▶ _Directions for this task_
The answer is the data below, repeated exactly, with no pictures included.

▶ _Material provided_
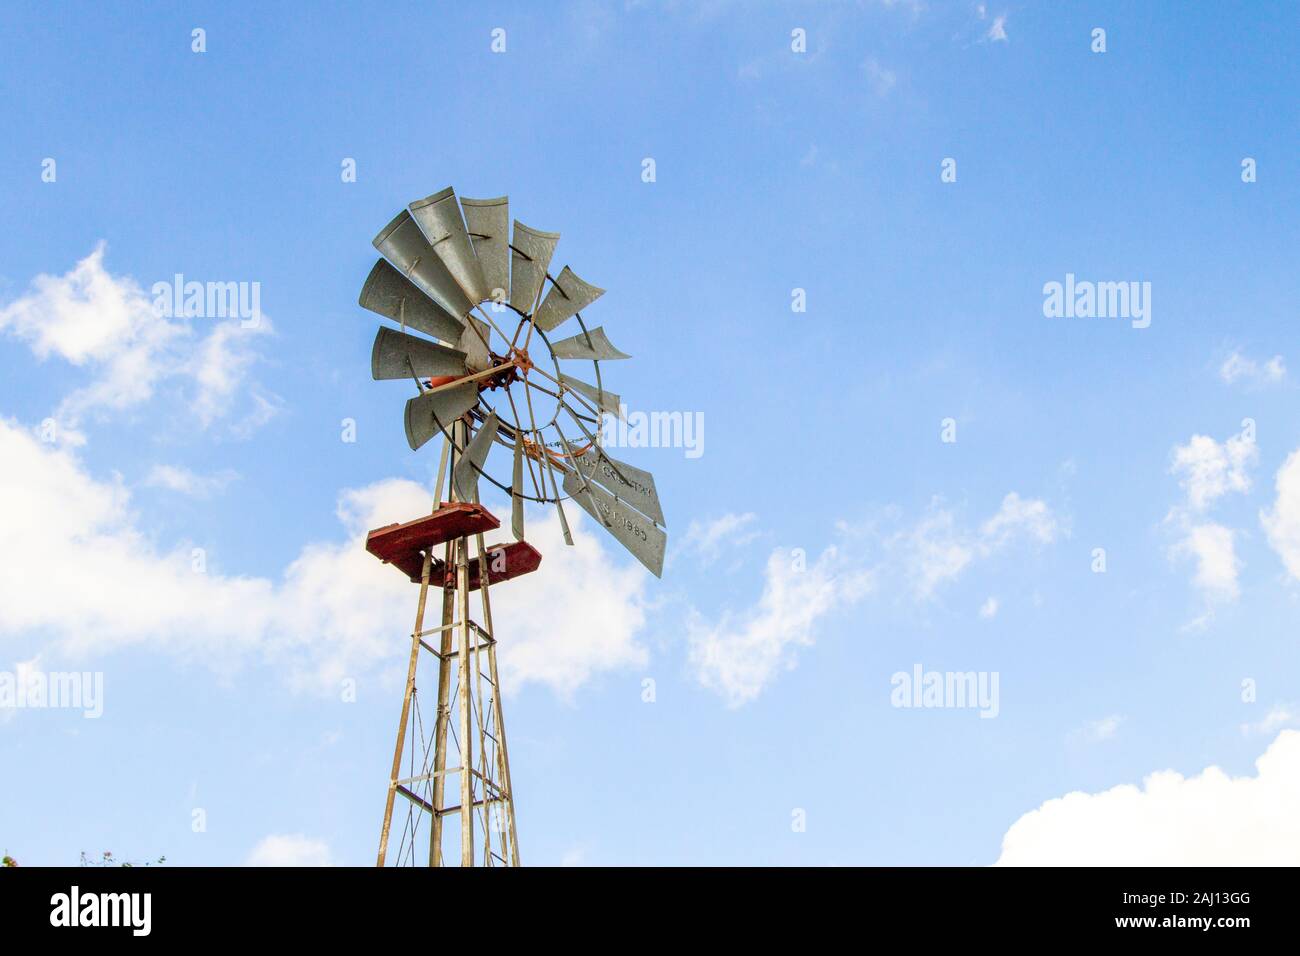 Altmodische Windmühle. Traditionelle altmodische Mühle gegen einen blauen Himmel mit Kopie Raum Stockfoto
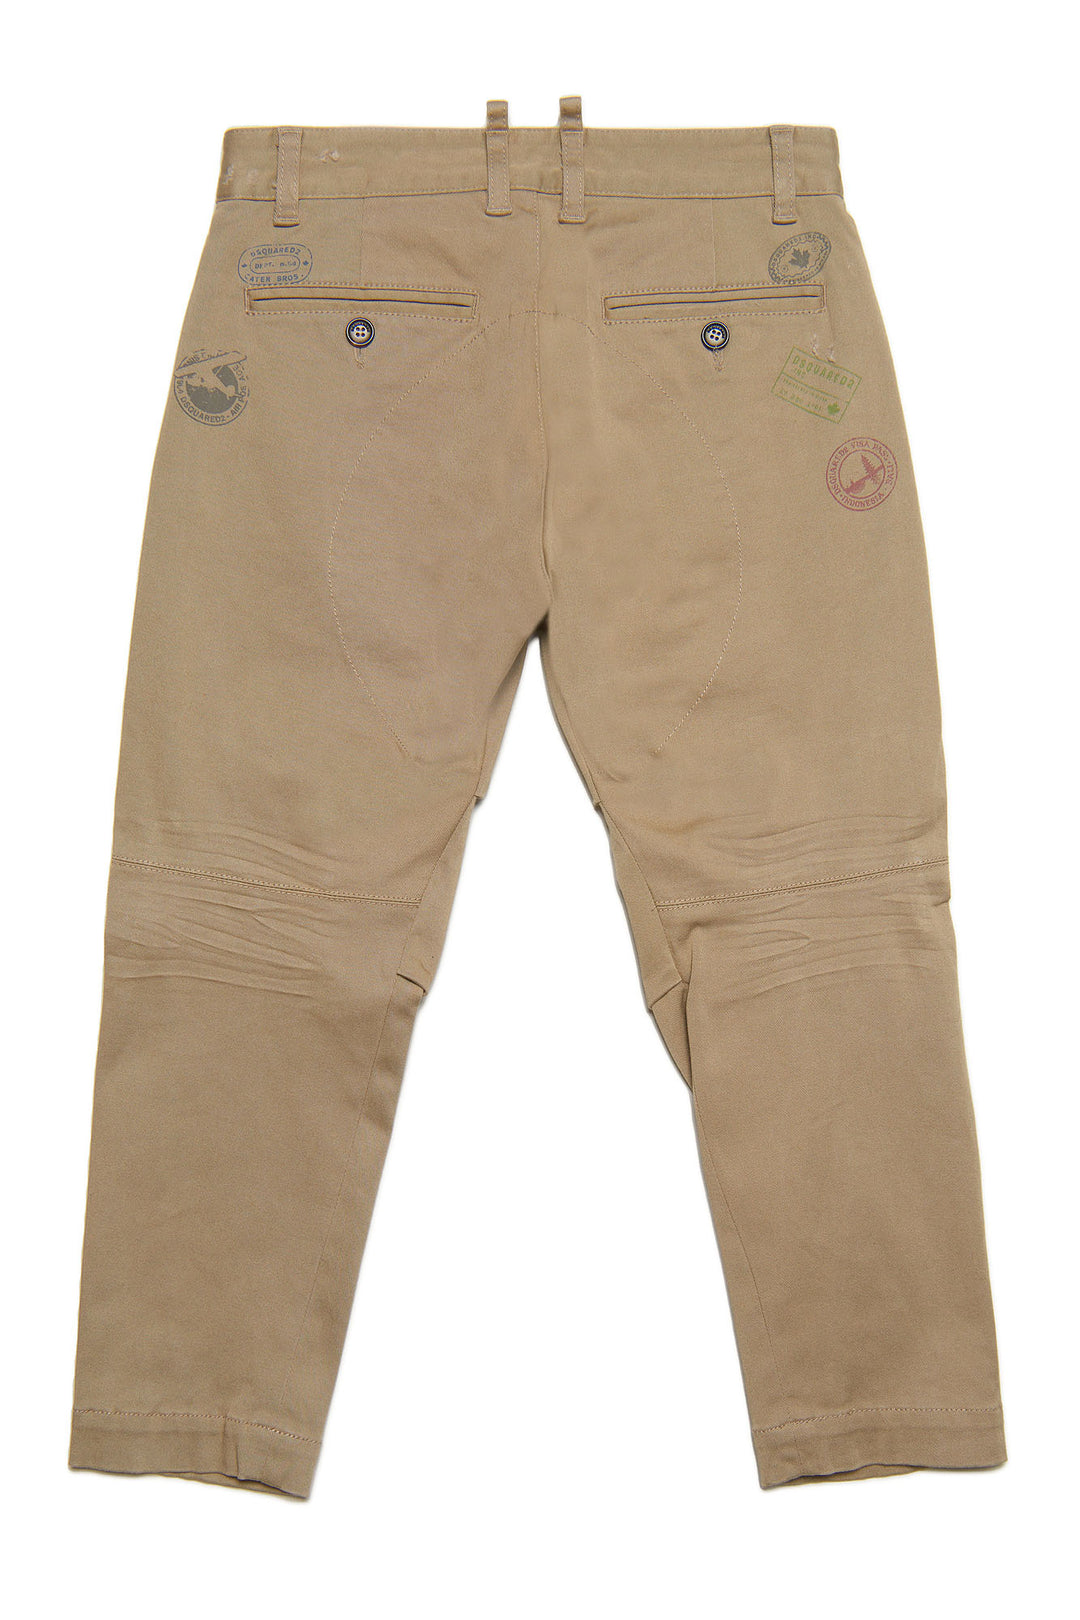 Pantalon enfant beige, avec imprimé devant et dos
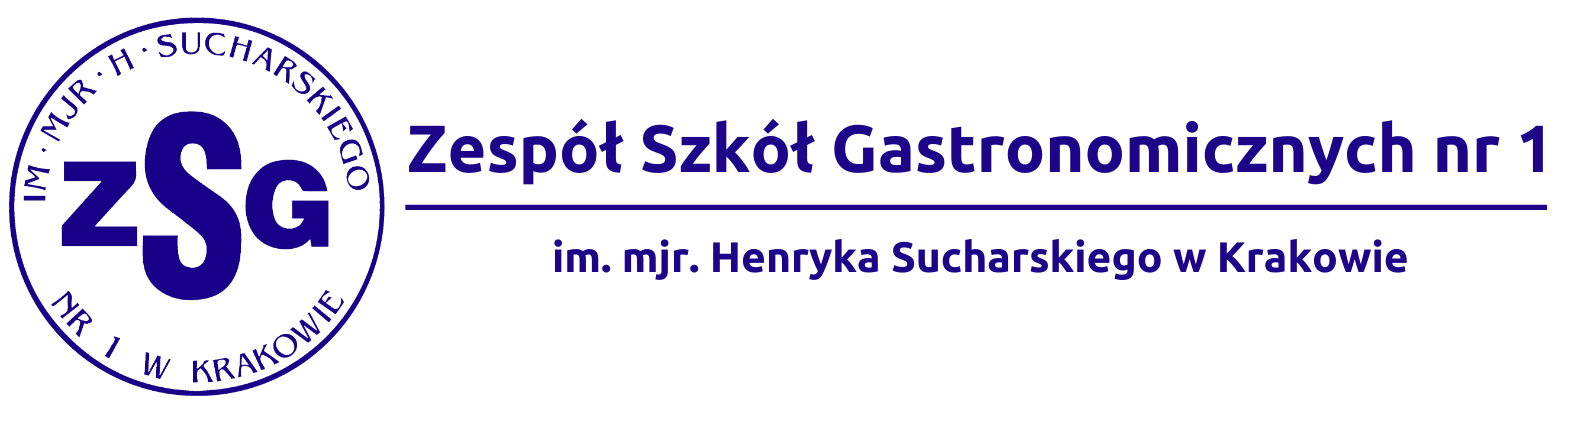 Zespół Szkół Gastronomicznych Nr 1 w Krakowie

▶ _Answer section_
 Altmodische Windmühle. Traditionelle altmodische Mühle gegen einen blauen Himmel mit Kopie Raum Stockfoto
 Pantalon enfant beige, avec imprimé devant et dos
 Zespół Szkół Gastronomicznych Nr 1 w Krakowie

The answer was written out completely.